In family TST03, both parents were carriers of two different mutations in ETFDH gene, leading to AR Glutaric Acidemia Type IIC. This condition typically manifest with facial deformities, enlarged liver, hypoglycemia, acidosis, muscle weakness and heart conditions [19]. Such inheritance mode is termed compound heterozygosity, or sometimes referred to as heterozygous recessive mutation. Predicting the paternal mutation inheritance is straightforward, thus enabling to rule out a disease. However, the prediction of the maternal mutation inheritance is bioinformatically challenging, creating difficulty to predict a high risk for an affected fetus. In this case, both the DL and Bayesian approaches managed to correctly predict an affected fetus.
Discussion
This study introduced a DL-based model advancing NIPT-M, demonstrating noninvasive prediction of fetal inheritance with notable accuracy. The model outperformed existing standards across inheritance categories, especially in the most challenging scenario of dual heterozygosity scenarios. Utilizing ultra-deep WGS of cfDNA from a dataset of 10 family trios, each contributing millions of genetic variants, the approach processed extensive genetic variant data, highlighting its comprehensiveness. For comparison, the first attempts for DL variant calling and non-DL fetal genotyping involved a single genome [7]. The model accurately assessed mutation inheritance in all test cases involving parental carriers of deleterious SNVs, effective as early as the 7th week of gestation, the earliest week in which genome-wide NIPT-M was performed so far.
Our method is the first instance of a DL model being applied to NIPT-M, and one of a handful that apply DL to NIPT in general. Its success indicates potential broader uses in variant calling, pushing genomic research boundaries. This is particularly relevant in tumor liquid biopsy, where DL models could offer notable advantages. DeepHoobari, unlike previous models such as Hoobari, incorporates complex relationships between DNA fragments within a unified tensor, enabling contextual analysis not possible with Bayesian models that treat fragments as independent variables. Another example for the potential of using a DL model was shown in cases sparse data, e.g. low FF in early pregnancy stages, where it maintains robust performance. Such capability in both high and low FF scenarios distinguish our model from recent methods, especially in early pregnancy stages where accurate diagnostics are crucial for actionable clinical outcomes.
Our model incorporates novel aspects in design and data representation, diverging from previous genomics DL methods due to unique data characteristics.

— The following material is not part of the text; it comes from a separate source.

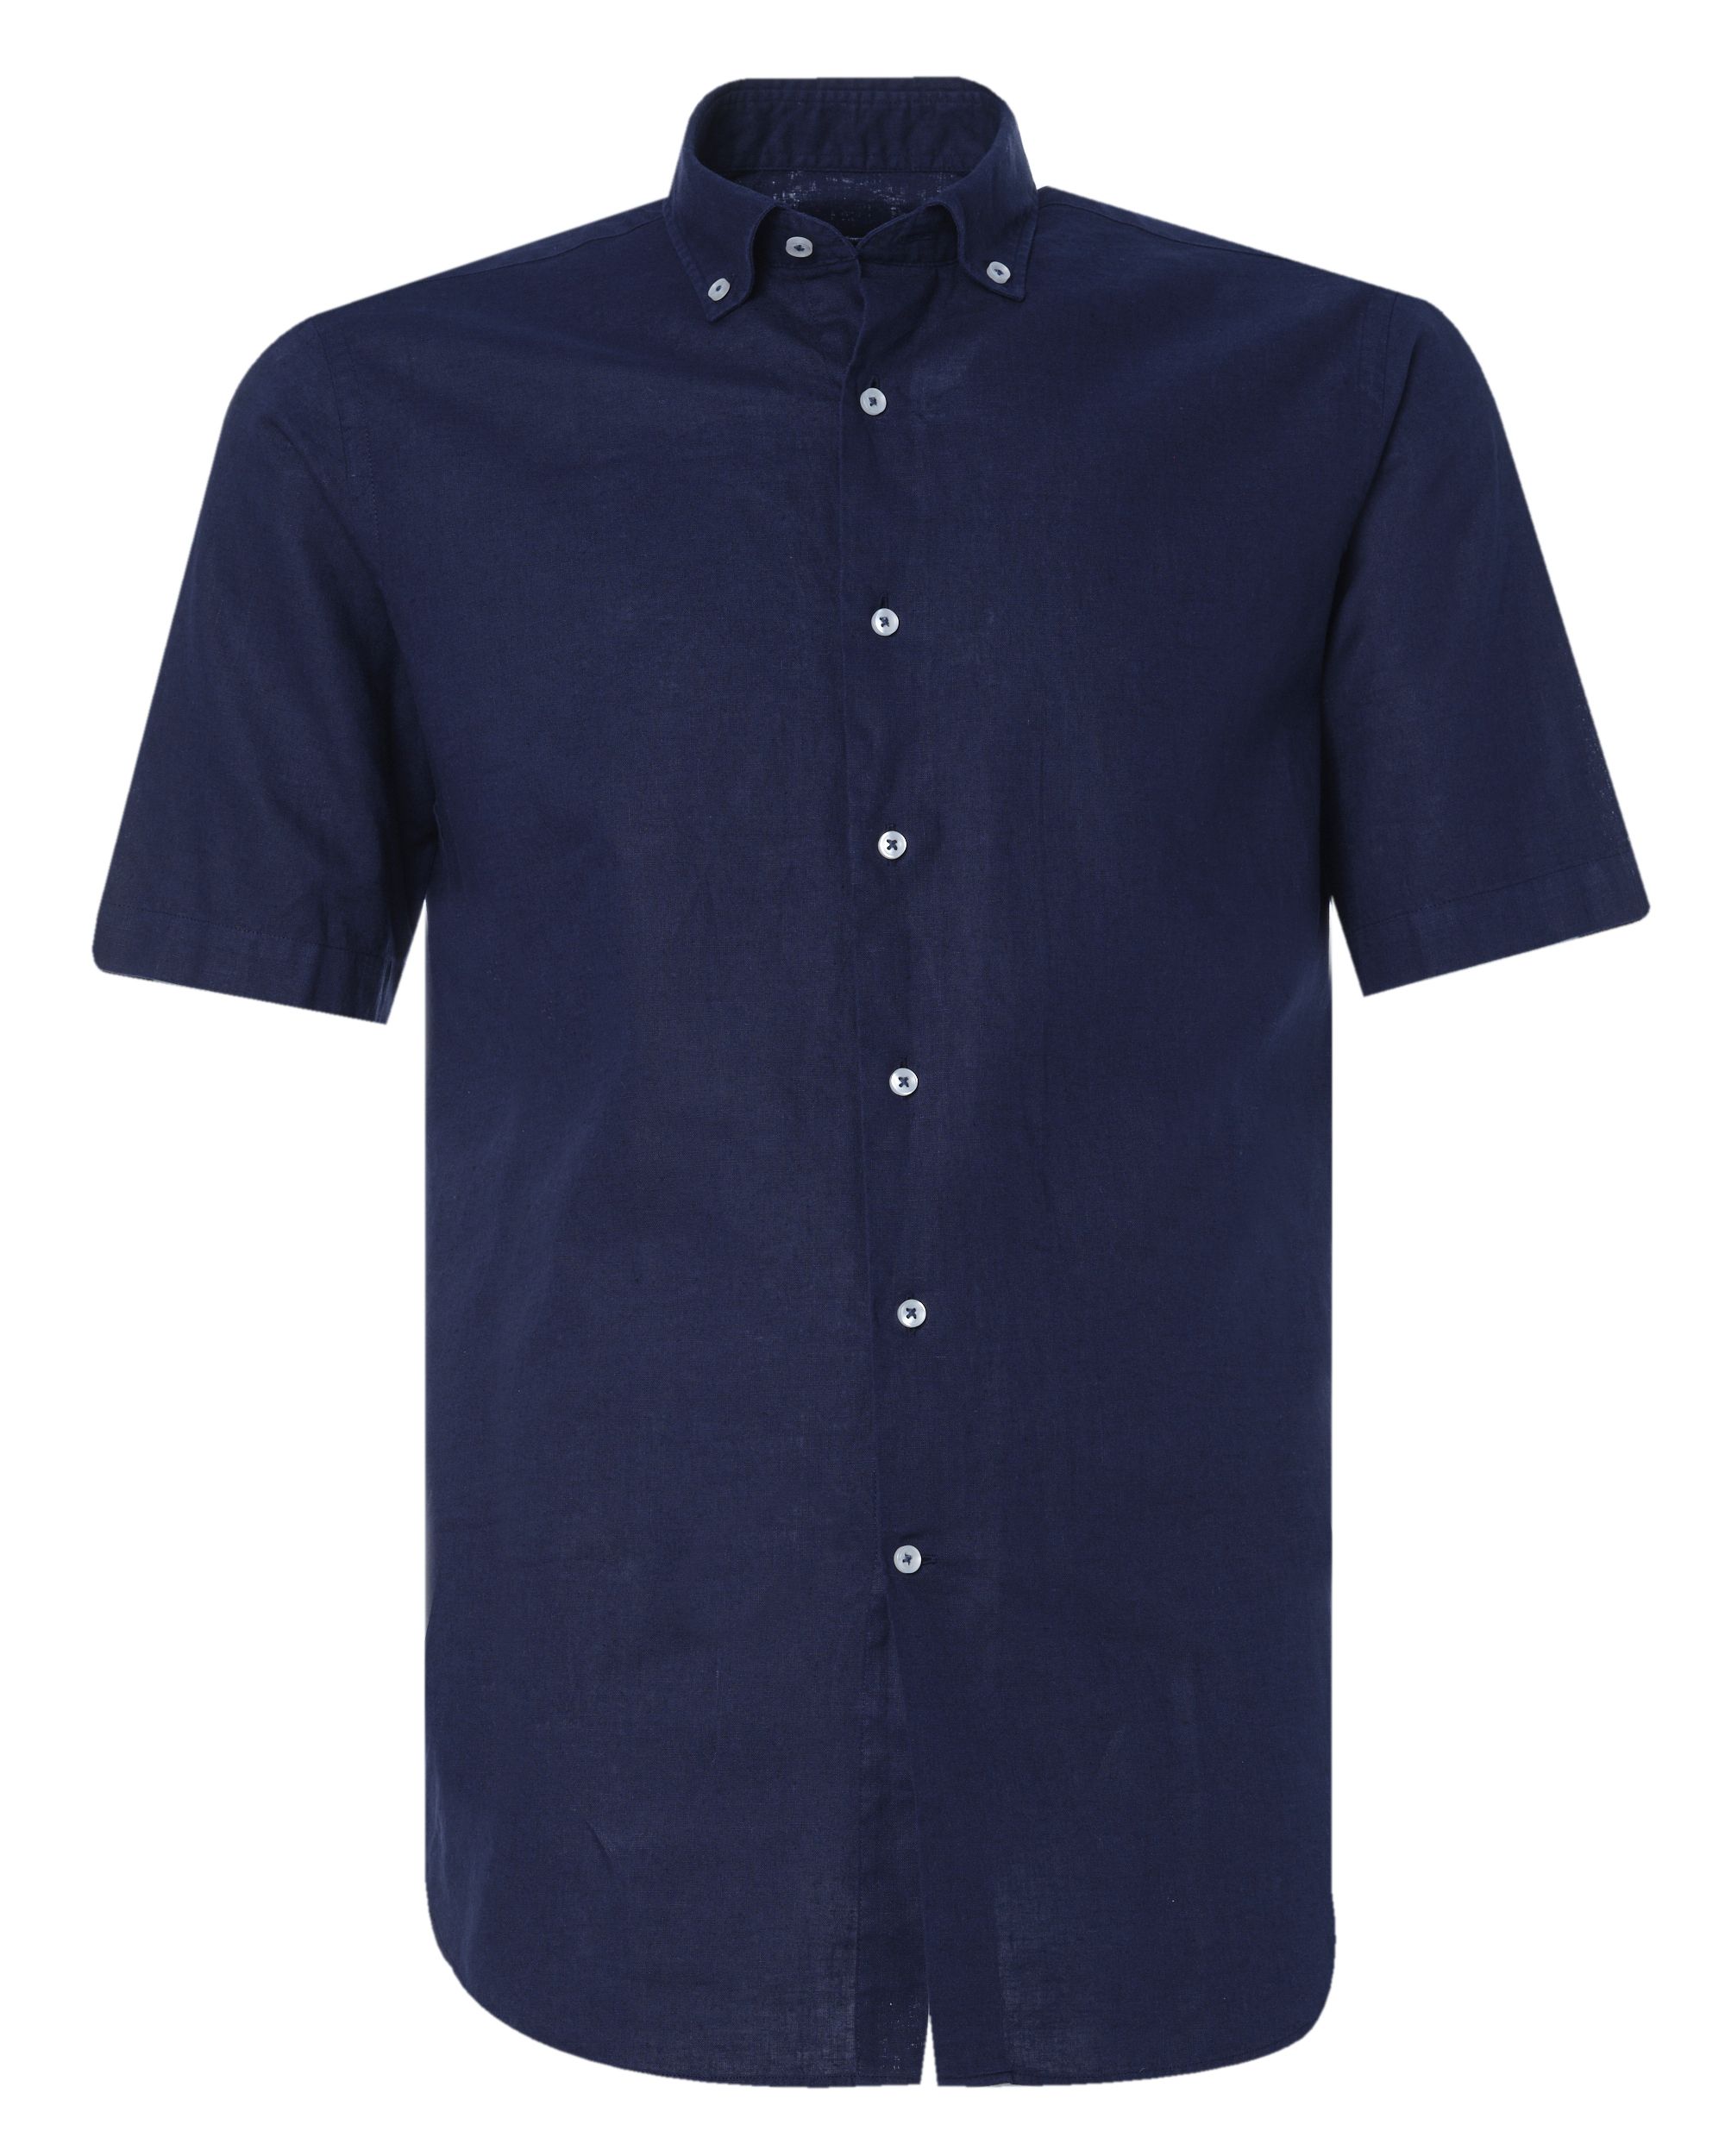 The BLUEPRINT Premium Casual Overhemd KM Donkerblauw uni 077930-002-L

For example, full nucleotide sequencing of each fragment, despite providing raw data which can contribute hidden features, offered limited benefits for its high computational demand, leading us to more efficient data integration strategies that minimized redundancy, utilizing diverse data sources. This approach, prompted by data complexity and resource limitations, may have broader implications for variant calling. For instance, our use of trio context data prefigured similar developments [20], affirming the validity of our method. Additionally, we integrated fragmentomics, studying cfDNA fragment distinctions, unlike prior DL variant calling models that overlooked such features due to their development using lab-induced, artificial DNA fragmentation. Incorporating fragment length and per-fragment FF, as initially proposed in Hoobari, our model uniquely applies these fragmentomics insights, enhancing its applicability and efficiency in genomics.
This study represents a notable leap in non-invasive fetal variant prediction, though it is crucial to note its limitations. The research primarily focused on SNVs, with small indels presenting a future research opportunity. Enhancing model explainability is vital for clinical adoption, given the challenges of using "black box" models in medical settings. While our dataset splitting strategy minimized data leakage risk, this could still occur if many rare variants are shared across training and test families. Using unrelated families, where low-frequency variants are generally not shared, and focusing on DNA-related features rather than genomic coordinates further reduces this risk. Future studies should aim to minimize shared rare variants to enhance model generalizability. Efforts to boost accuracy, especially for maternally inherited genes and at lower FFs, are ongoing and may benefit from larger training datasets and the integration of haplotype information. While the model demonstrates strong performance at low depths of coverage, further exploration of features related to false-positive and false-negative results would be beneficial. Such an investigation could contribute to the development of improved models. Overall, these enhancements promise to refine the precision and applicability of the model across genetic variations. Ultra-deep WGS limits the applicability of our method; it is costly, requires sufficient genetic material in early pregnancy stages; increases computational demand, especially when combined with DL methods that requires graphics processing units (GPUs). Despite relying on ultra-deep WGS, the flexibility of DL methods to adapt to various sequencing data, including WES and newer, more affordable technologies [21], suggests a broad applicability.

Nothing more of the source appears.